Population (2026-01-01)
- • Total: 1,673
- • Density: 151.4/km^{2} (392.1/sq mi)
- Time zone: UTC+1 (CET)
- • Summer (DST): UTC+2 (CEST)
- Postal code: 407 82
- Website: www.dolnipoustevna.cz

= Dolní Poustevna =

Dolní Poustevna (Niedereinsiedel) is a town in Děčín District in the Ústí nad Labem Region of the Czech Republic. It has about 1,700 inhabitants.

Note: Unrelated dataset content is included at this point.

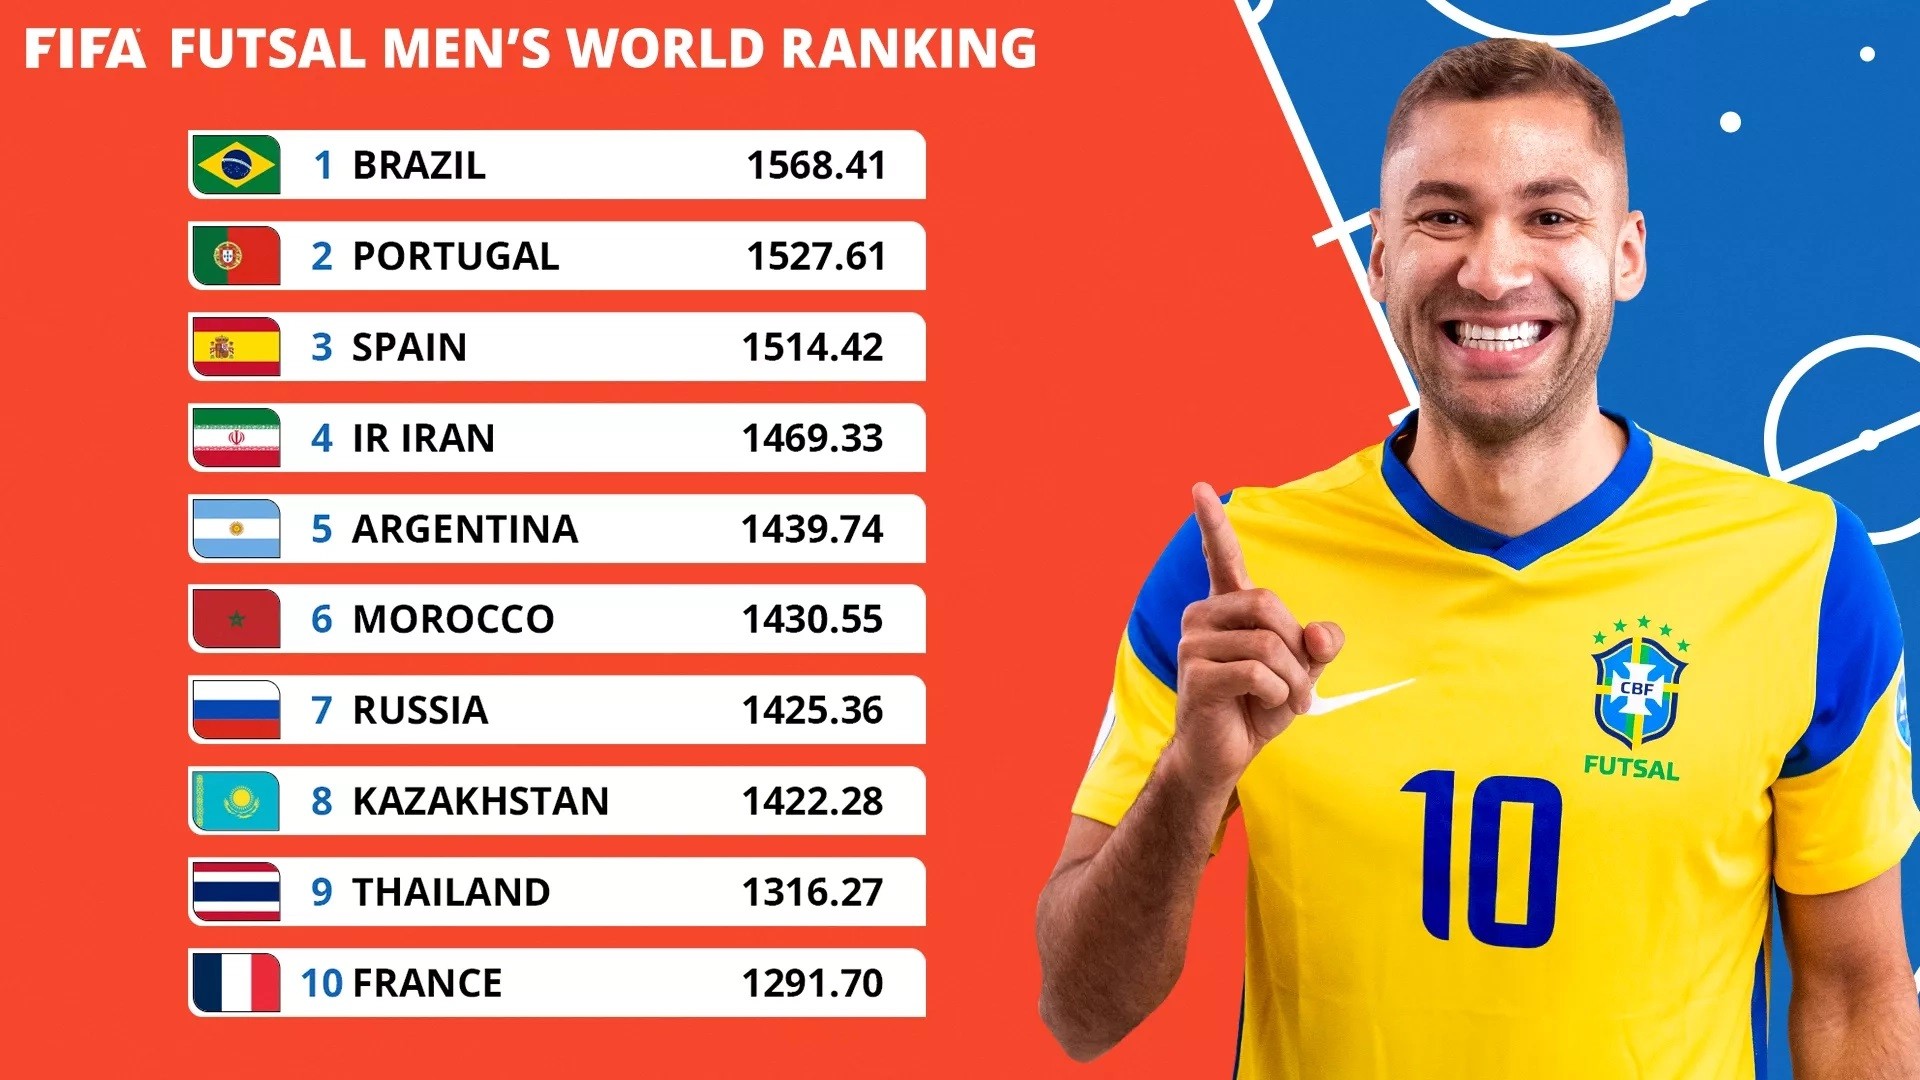 fifa-futsal-men-s-world-ranking-1715056437.jpg

It is located in the Šluknov Hook area, on the border with Germany.

==Administrative division==
Dolní Poustevna consists of five municipal parts (in brackets population according to the 2021 census):

- Dolní Poustevna (1,238)
- Horní Poustevna (236)
- Karlín (53)
- Marketa (44)
- Nová Víska (12)

==Etymology==
Both the Czech name Poustevna and the initial German name Einsiedler mean 'hermitage'. The name of the locality was derived from a hermit who lived here in 1241. In the mid-15th century, two villages called Dolní ('lower') Poustevna and Horní ('upper') Poustevna began to be distinguished.

==Geography==
Dolní Poustevna is located about 23 km north of Děčín and 38 km northeast of Ústí nad Labem, on the border with Germany. It is located in the Šluknov Hook area and is adjacent to Sebnitz. It lies in the Lusatian Highlands. The highest point is a nameless hill at 510 m above sea level. The Sebnitz River (here called Vilémovský potok) flows along the southern municipal border, forming the Czech-German border.

==History==
The first written mention of the locality called Einsiedler (Poustevna) is in a deed of King Wenceslaus I from 1241. The village with the same name was founded in this locality around 1280. For most of its history, Dolní Poustevna belonged to the Tolštejn estate.

Paper was made in Dolní Poustevna from 1569 to 1906. It was evidently shipped to nearby cities, as musicologists have found instances of the paper (identifiable by watermark) in both Dresden and Prague.

==Transport==
Dolní Poustevna is located on the railway line Děčín–Rumburk via Bad Schandau and Sebnitz. There are two stops in the municipality: Dolní Poustevna and Horní Poustevna.

On the Czech–German border are the railway border crossing and the road border crossing Dolní Poustevna / Sebnitz.

==Sights==
The most valuable building is the castle in Horní Poustevna. It was built in the Baroque style in 1736–1738. Today it is privately owned.

A notable landmark is the Church of Saint Michael the Archangel. It was built in the pseudo-Gothic style in 1854–1855.